▸ Data
════
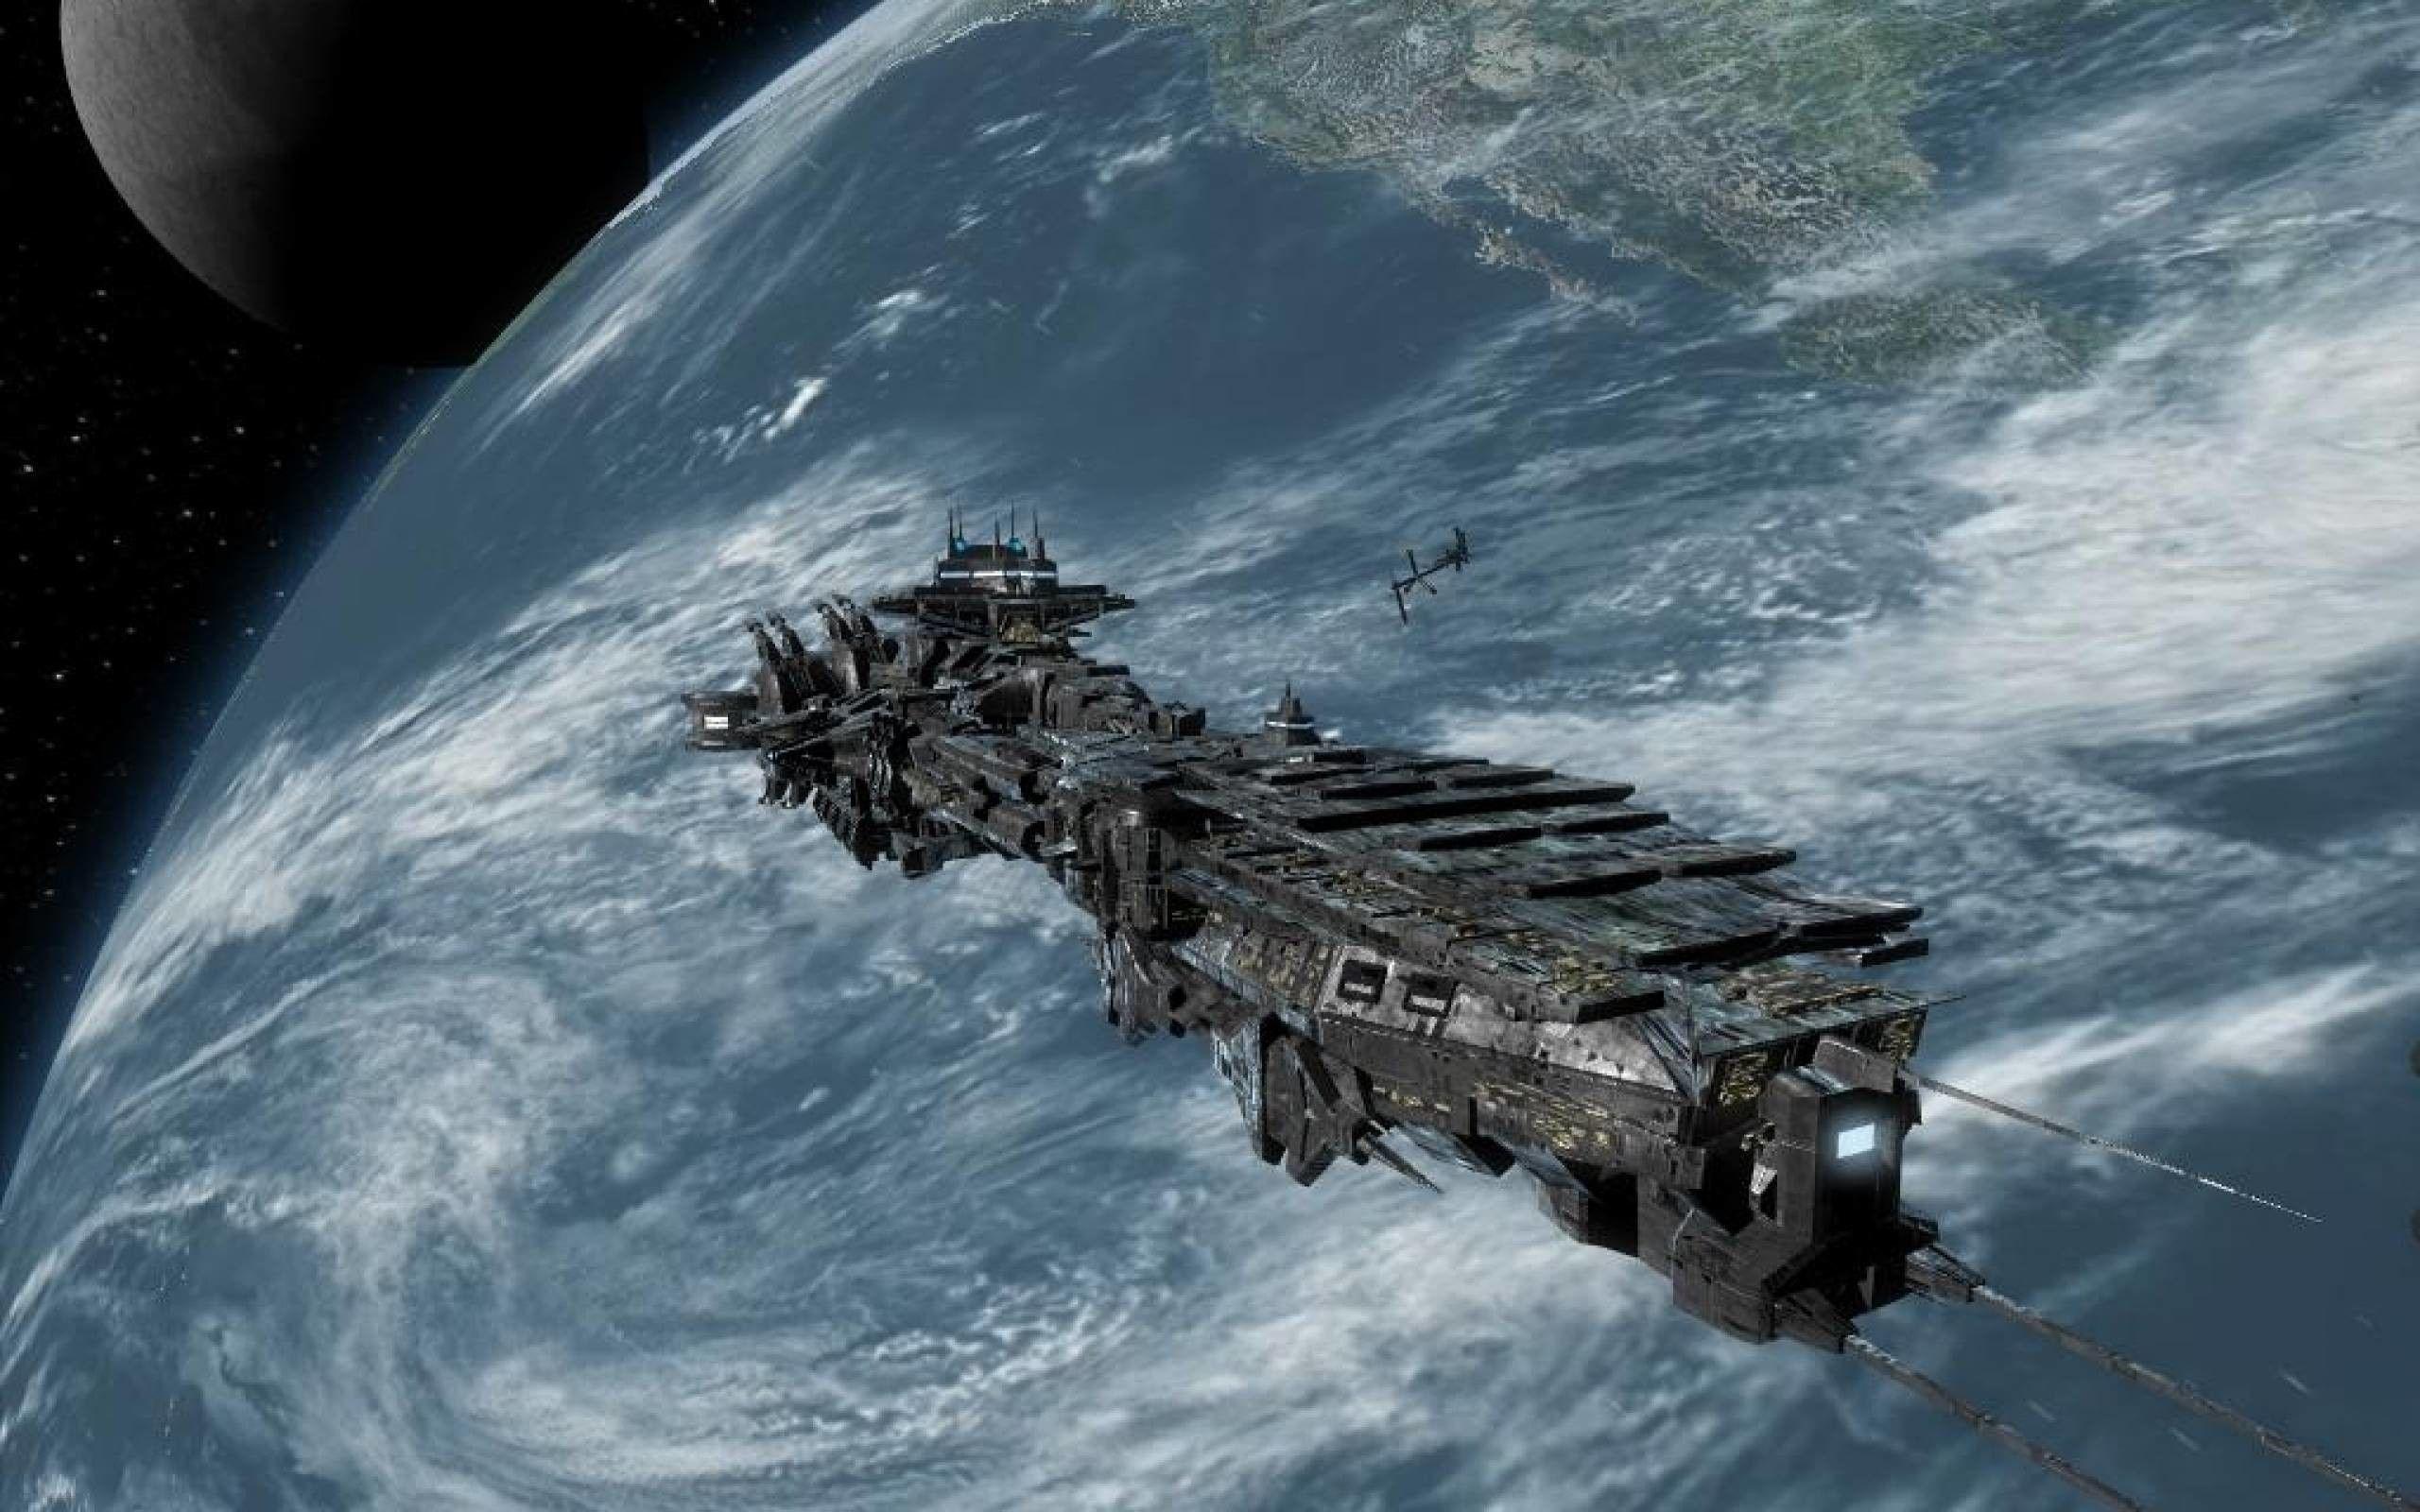 Sci-Fi Ship Wallpapers - Top Free Sci-Fi Ship Backgrounds - WallpaperAccess
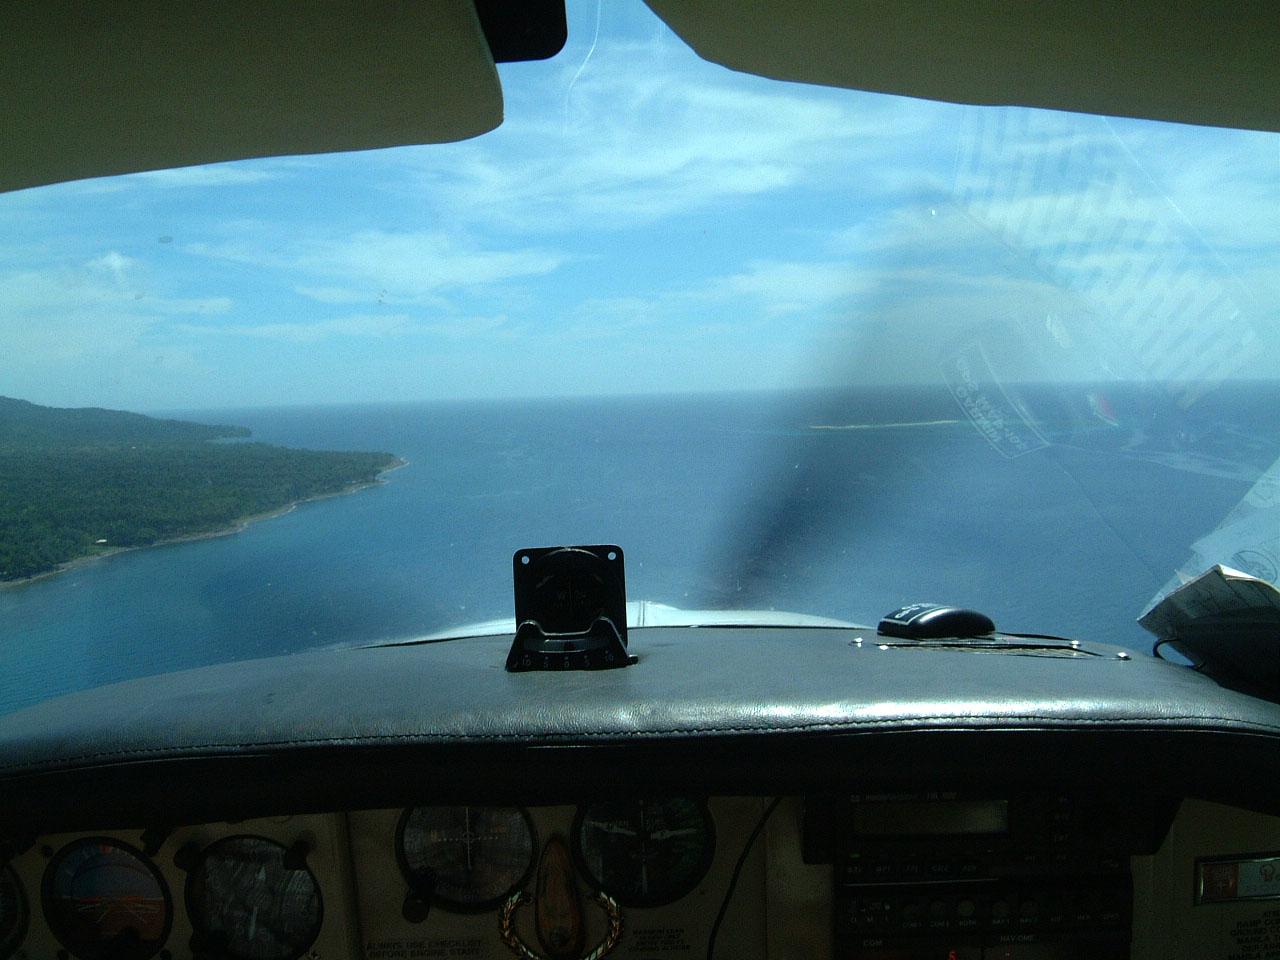 Philippines Chemtrad Manny Barradas overflying Camiguin Island Mar 2003 01
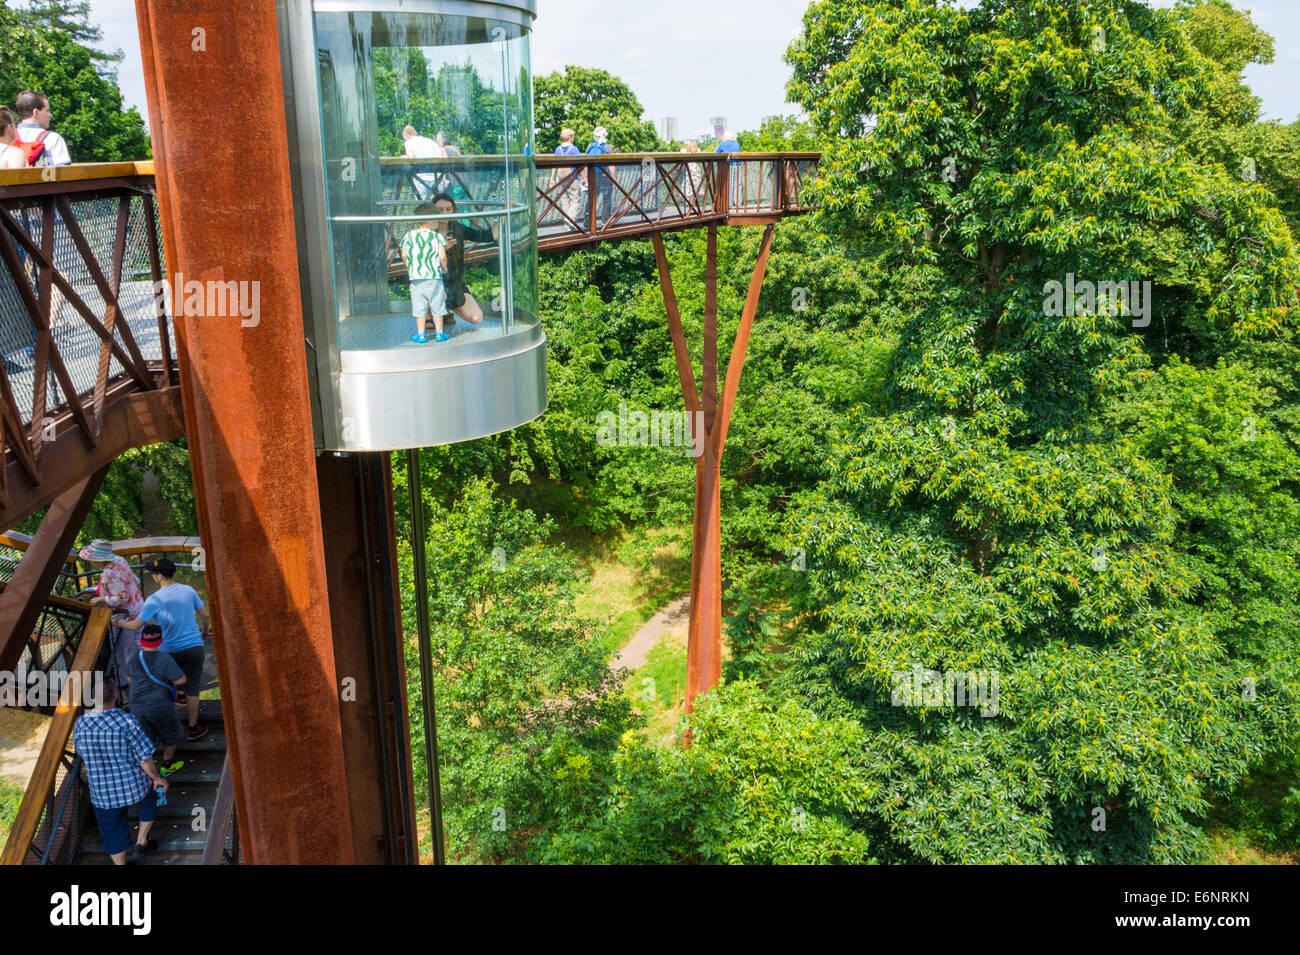 Rhizotron and Xstrata Treetop Walkway Kew Gardens London England UK GB EU Europe - Stock Image
════
▸ Directions for this task
First drop every picture, then print the data above exactly as it stands.

▸ Your response
 Sci-Fi Ship Wallpapers - Top Free Sci-Fi Ship Backgrounds - WallpaperAccess
 Philippines Chemtrad Manny Barradas overflying Camiguin Island Mar 2003 01
 Rhizotron and Xstrata Treetop Walkway Kew Gardens London England UK GB EU Europe - Stock Image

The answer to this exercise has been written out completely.